Activity: The listing is to be returned word for word, without its images.

____ Source information

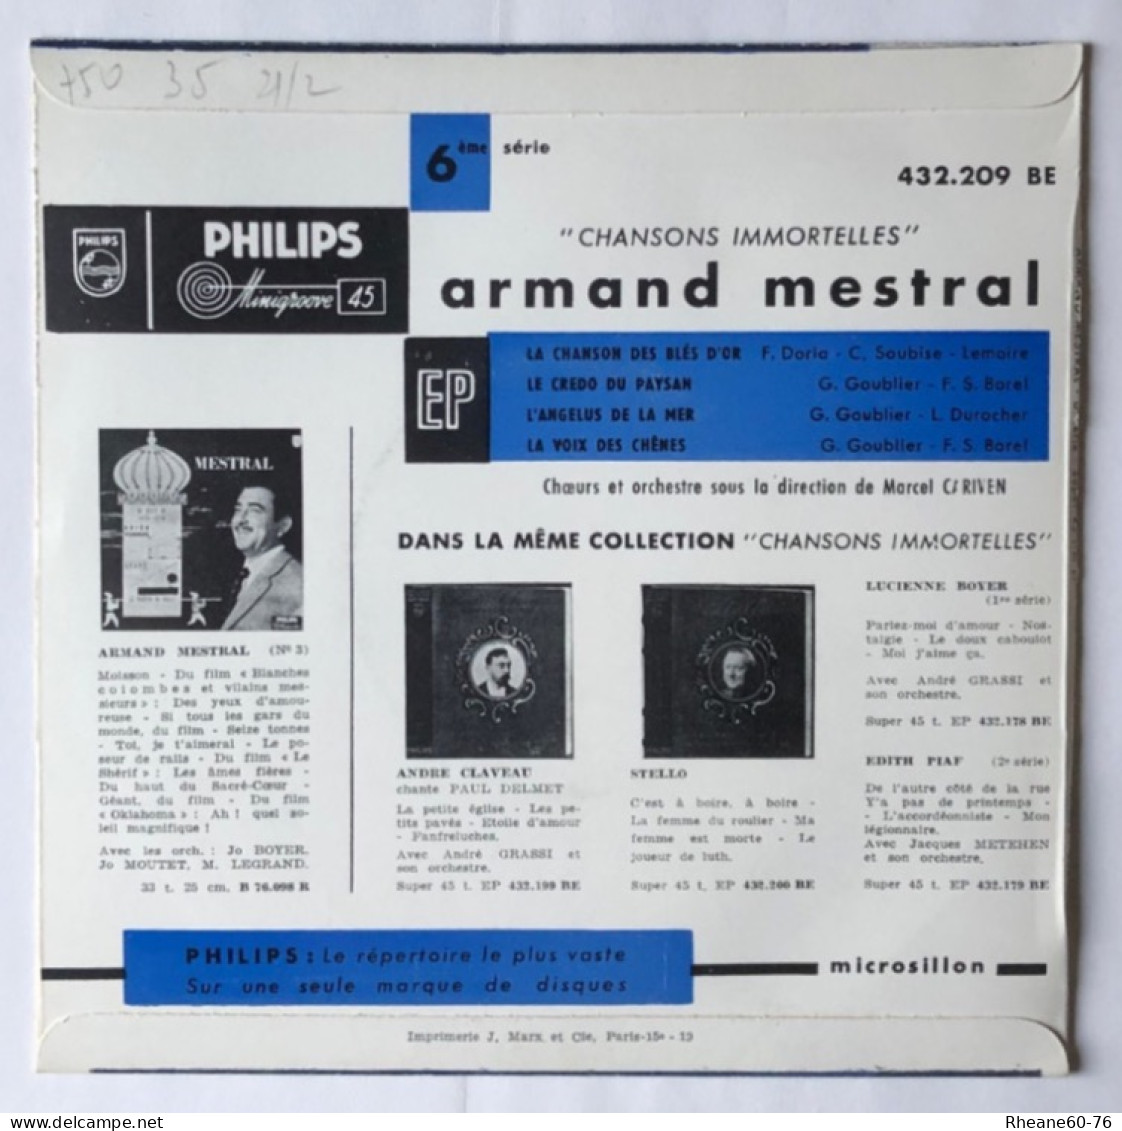 Philips 432.209 BE - 45T EP - Armand Mestral Orchestre Marcel Cariven - Microsillon Médium Haute Fidélité - Speciale Formaten
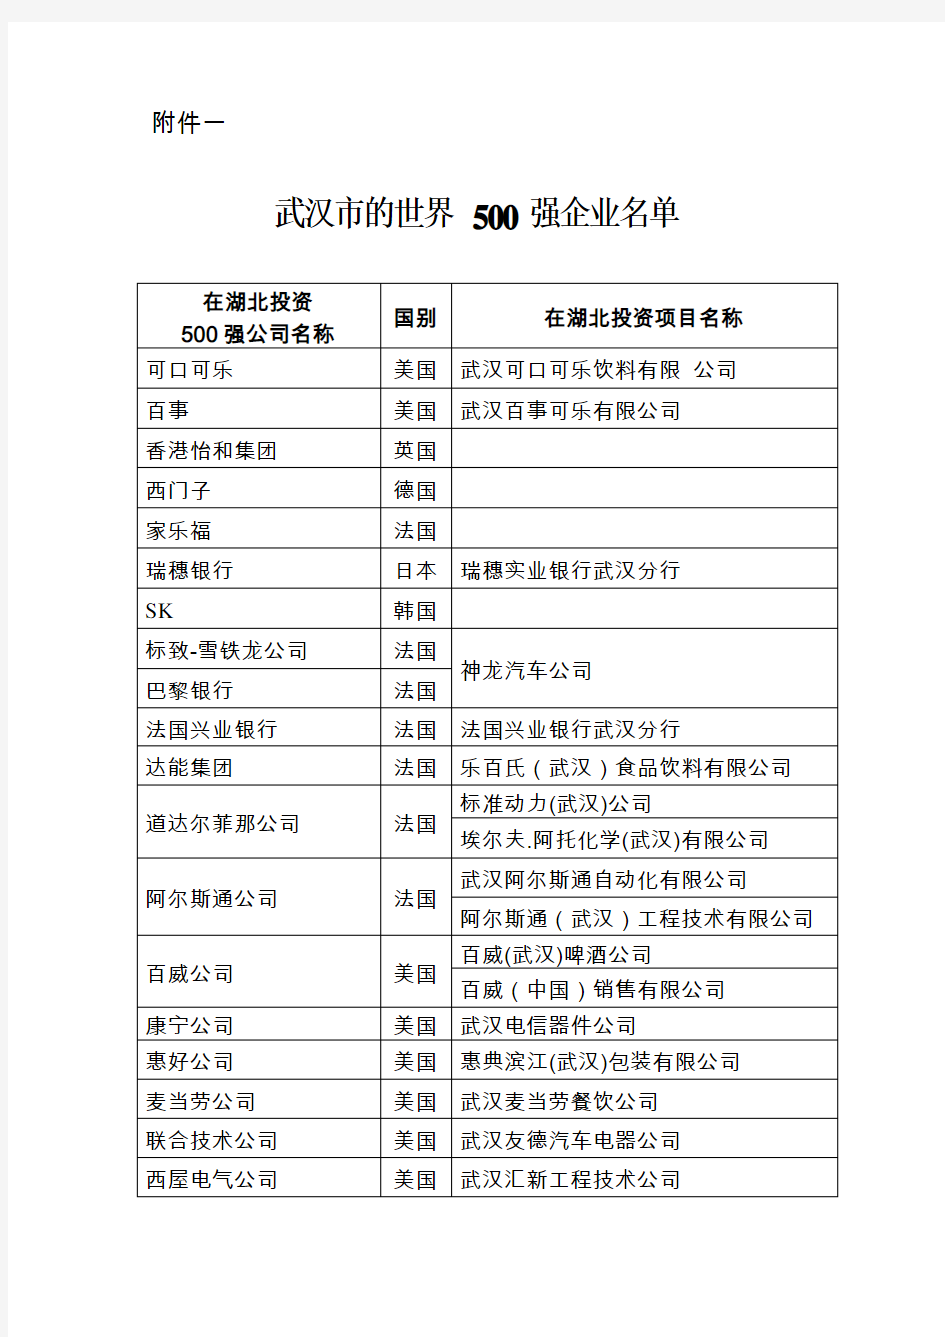 武汉地区世界500强企业名单
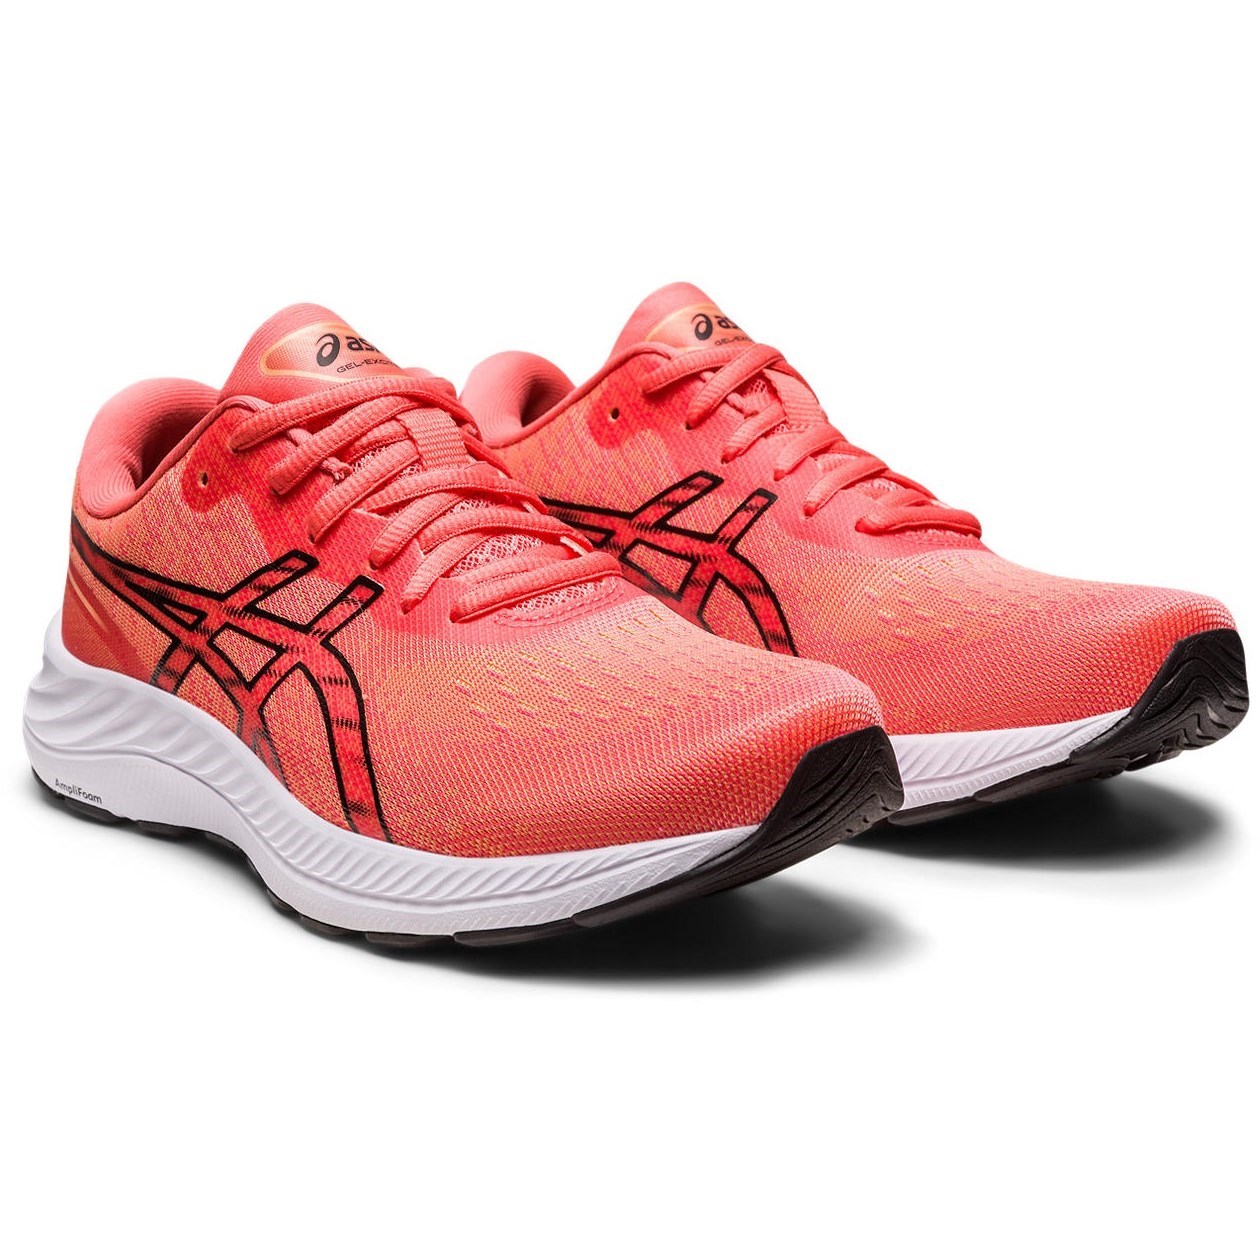 Asics Gel Excite 9 - Womens Running Shoes - Papaya/Black | Sportitude
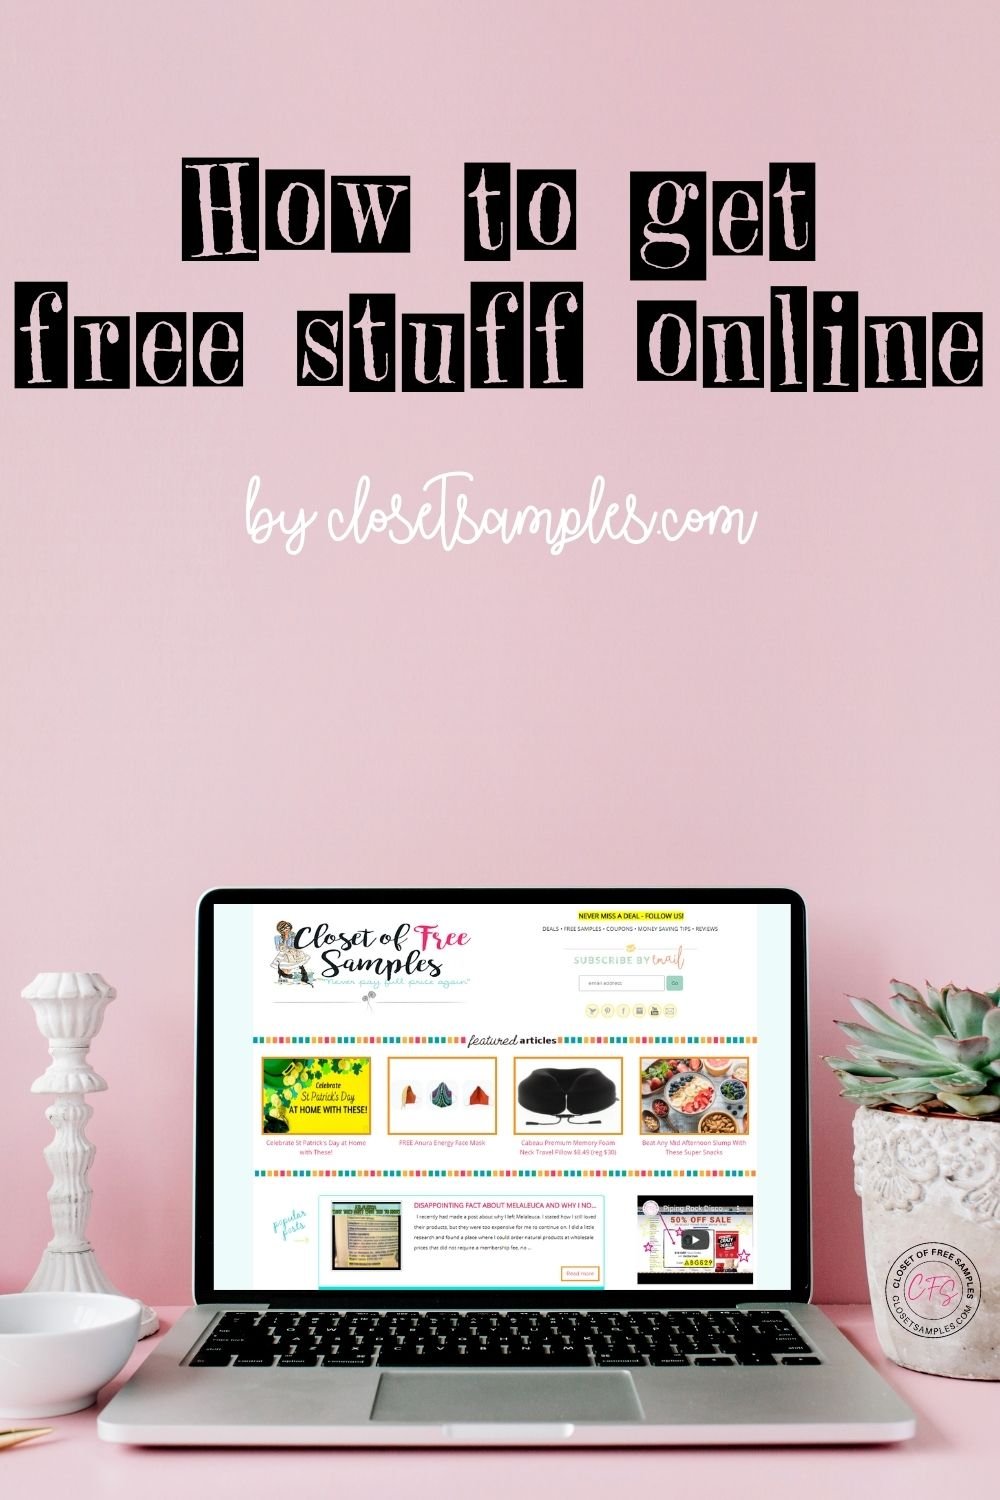 How to get free stuff online closetsamples Pinterest
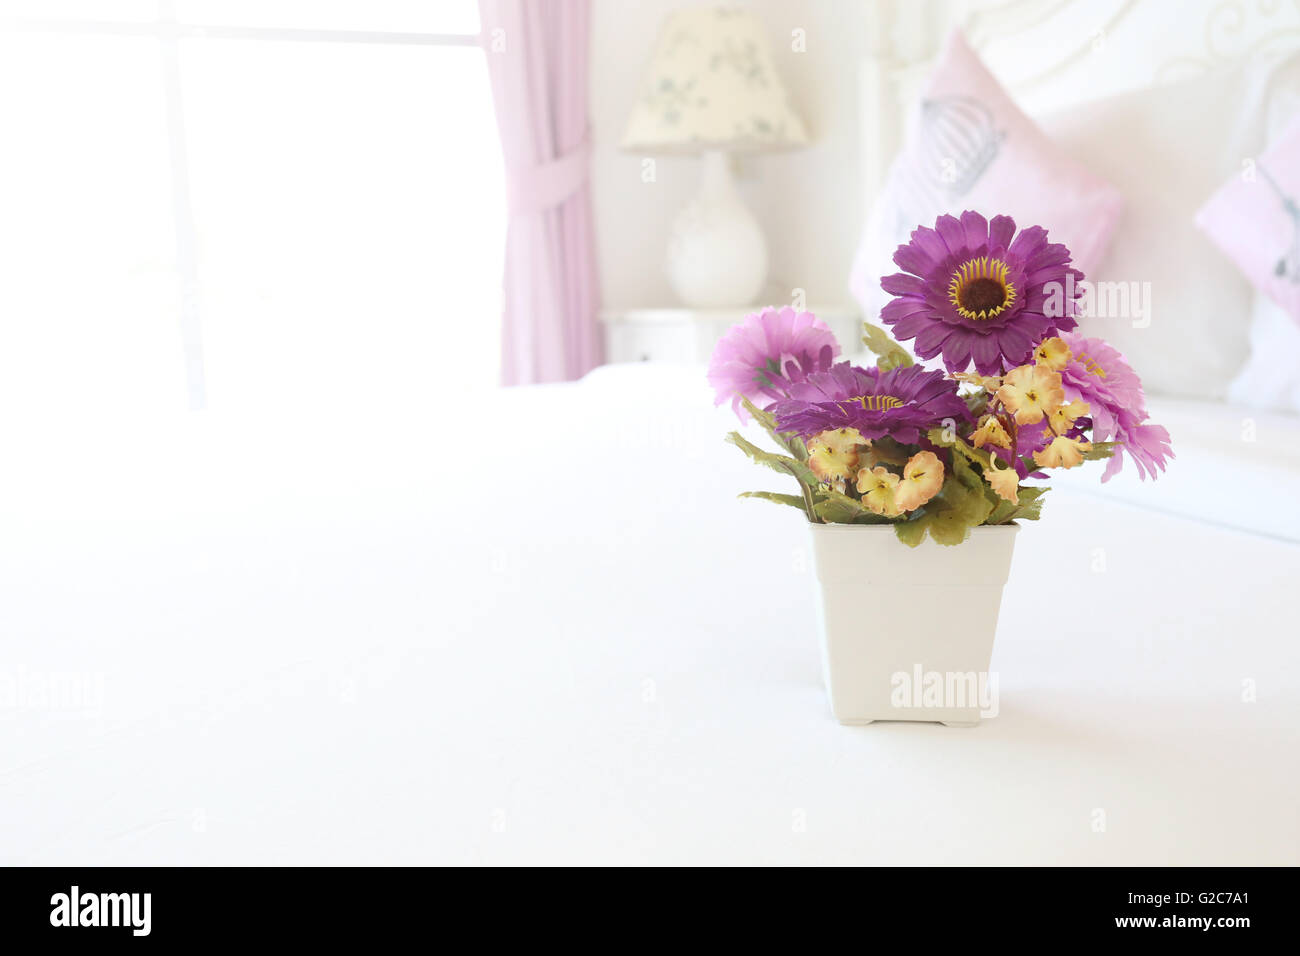 Vintage Rosa künstliche Blumen auf einem Tisch in der weiße Schlafzimmer Innenraum-Konzept für die Hintergrund-Design. Stockfoto
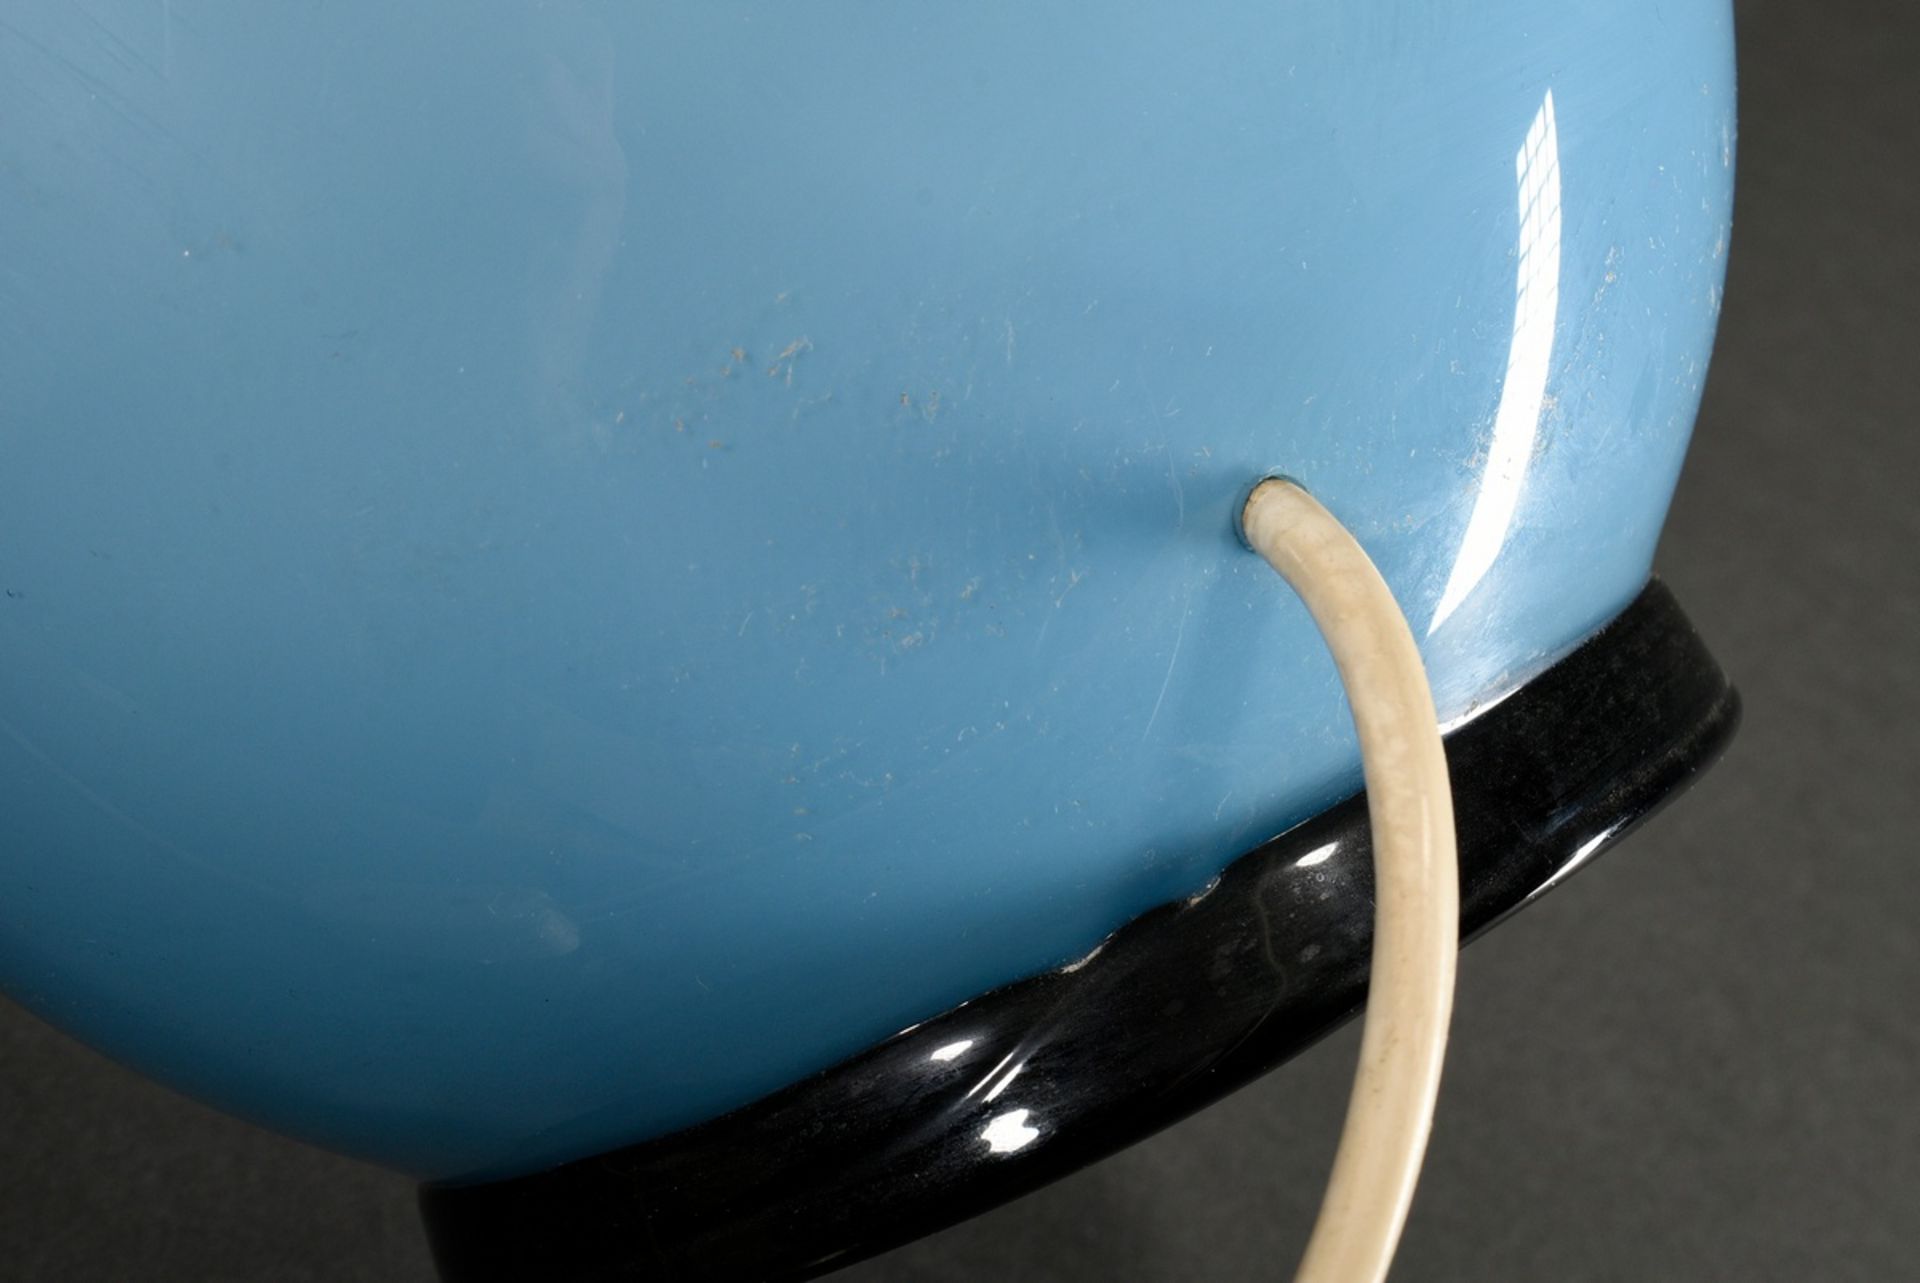 Venini Tischlampe mit ovoidem Glasfuß in hellblau-opakem Glas auf schwarzen Standring, alter Kleber - Bild 6 aus 7

________

Task response:
 Philips 432.209 BE - 45T EP - Armand Mestral Orchestre Marcel Cariven - Microsillon Médium Haute Fidélité - Speciale Formaten
 武汉地区世界500强企业名单
 Asics Gel Excite 9 - Womens Running Shoes - Papaya/Black | Sportitude
 How to get free stuff online closetsamples Pinterest
 Vintage Rosa künstliche Blumen auf einem Tisch in der weiße Schlafzimmer Innenraum-Konzept für die Hintergrund-Design. Stockfoto
 Venini Tischlampe mit ovoidem Glasfuß in hellblau-opakem Glas auf schwarzen Standring, alter Kleber - Bild 6 aus 7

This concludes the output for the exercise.